**Problem statement:** A verbatim copy of the data is wanted, minus any picture in it.

**Supplied data:**
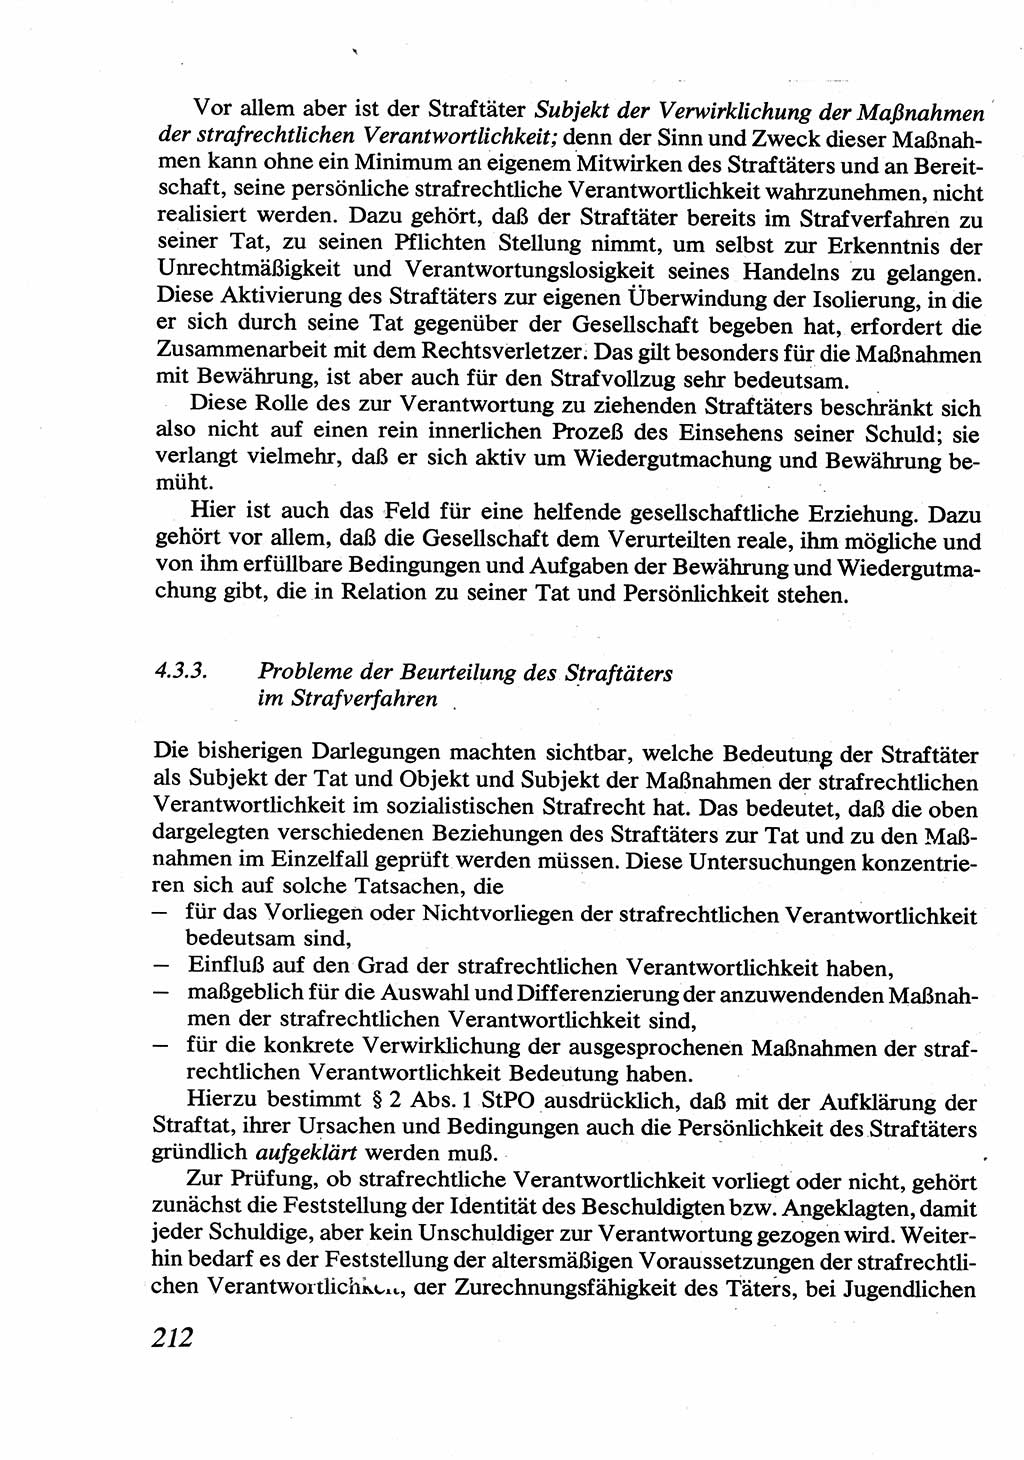 Strafrecht [Deutsche Demokratische Republik (DDR)], Allgemeiner Teil, Lehrbuch 1976, Seite 212 (Strafr. DDR AT Lb. 1976, S. 212)
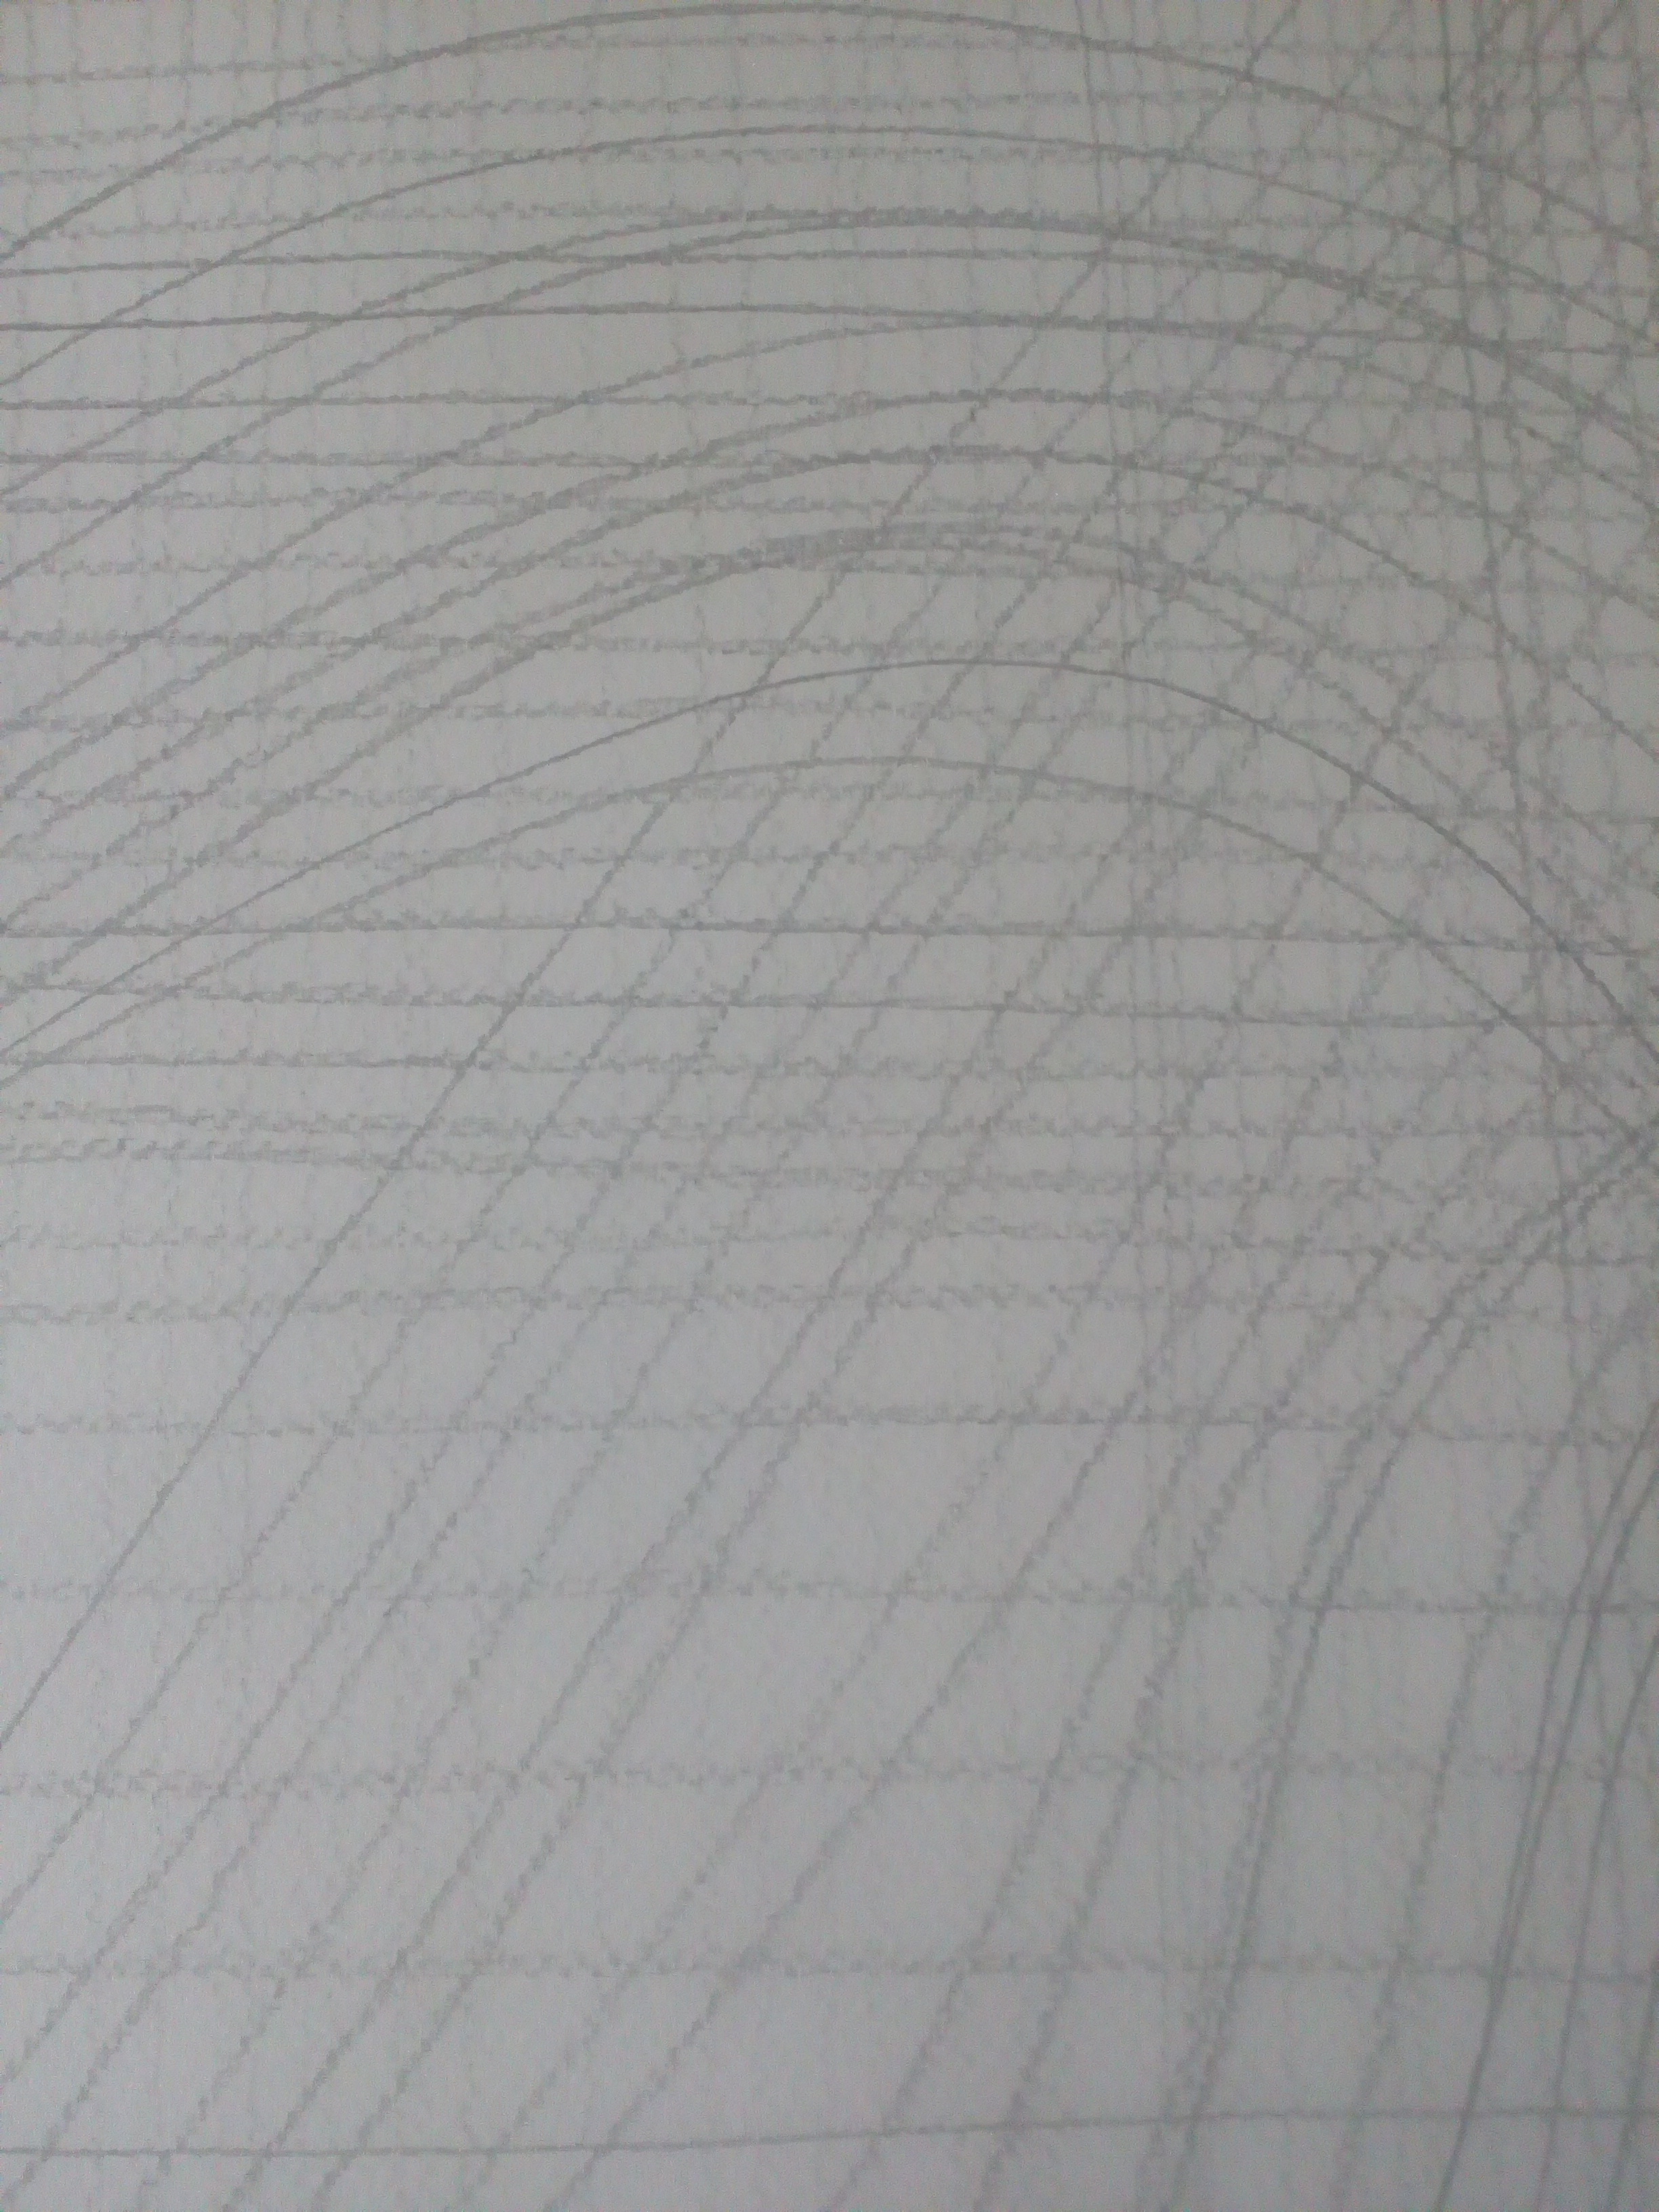 Čiary, kresba ceruzou, formát A3.
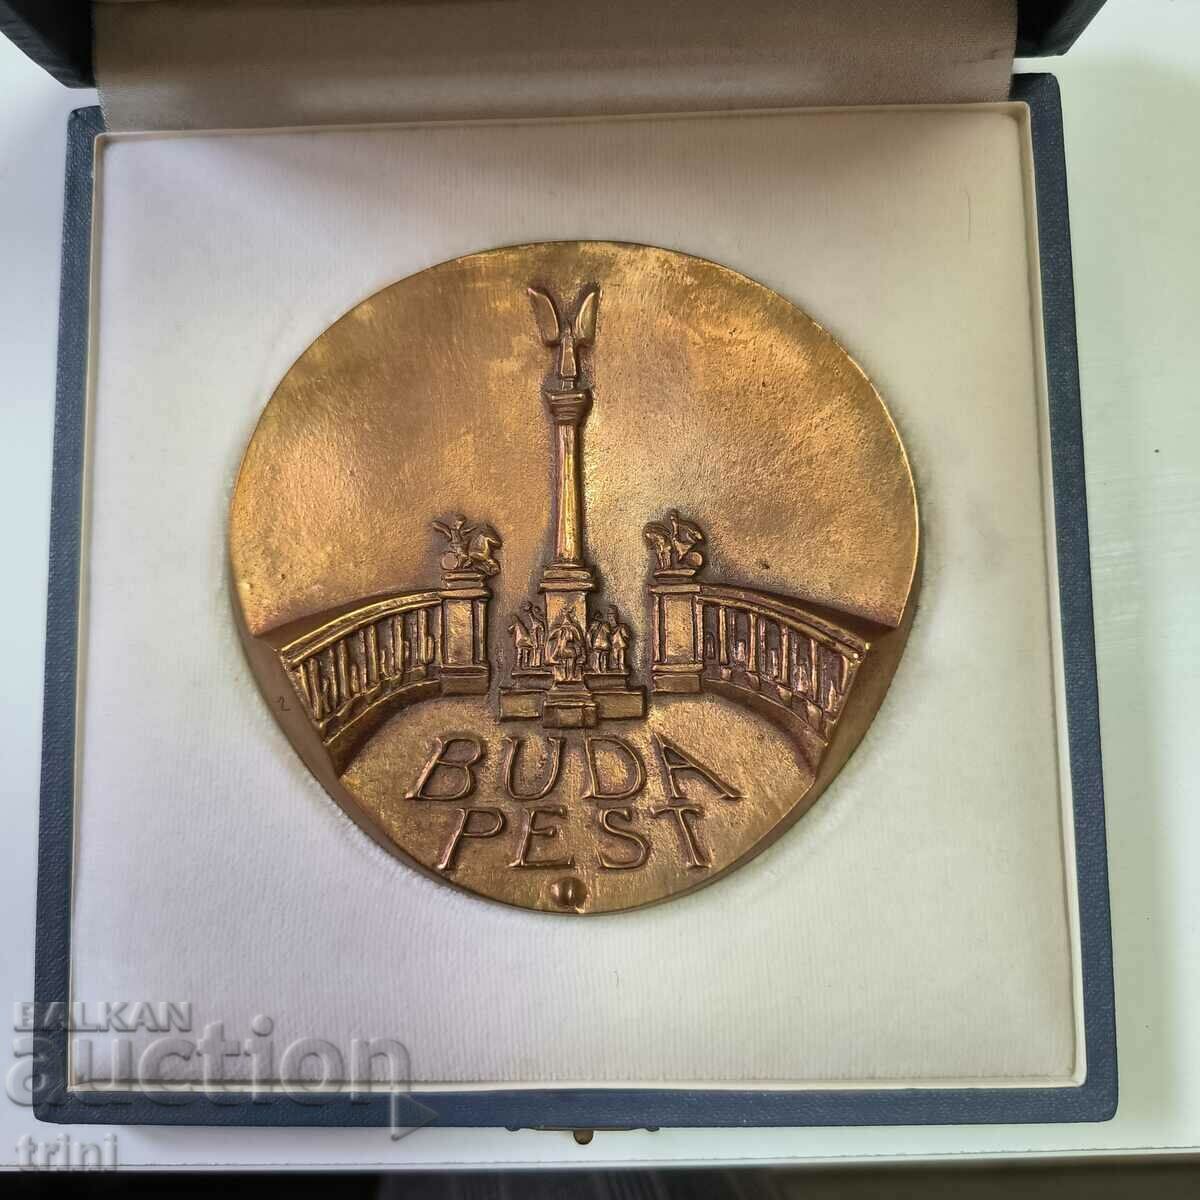 Μετάλλιο Μητροπολιτικού Συμβουλίου Βουδαπέστης - Μητροπολιτικό
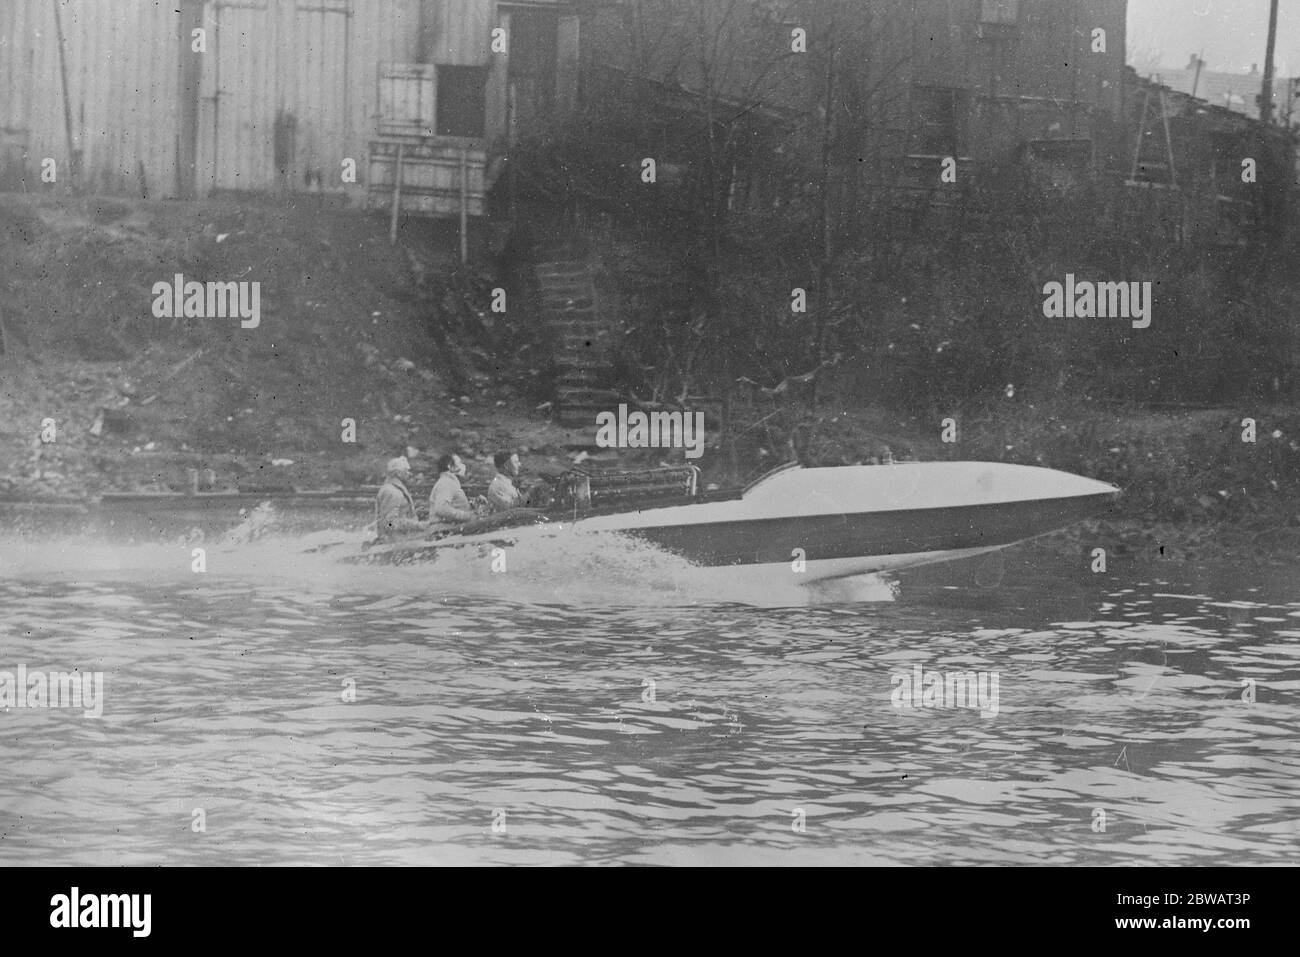 74 miles par heure sur l'eau le planeur français d'eau ' Despujols ' photographié pendant ses essais quand elle a réalisé une vitesse de 120 kilomètres ( 74 MPH ) une heure 25 Mars 1920 Banque D'Images

**Answer section:**
 Strafrecht [Deutsche Demokratische Republik (DDR)], Allgemeiner Teil, Lehrbuch 1976, Seite 212 (Strafr. DDR AT Lb. 1976, S. 212)
 Čiary, kresba ceruzou, formát A3.
 Μετάλλιο Μητροπολιτικού Συμβουλίου Βουδαπέστης - Μητροπολιτικό
 74 miles par heure sur l'eau le planeur français d'eau ' Despujols ' photographié pendant ses essais quand elle a réalisé une vitesse de 120 kilomètres ( 74 MPH ) une heure 25 Mars 1920 Banque D'Images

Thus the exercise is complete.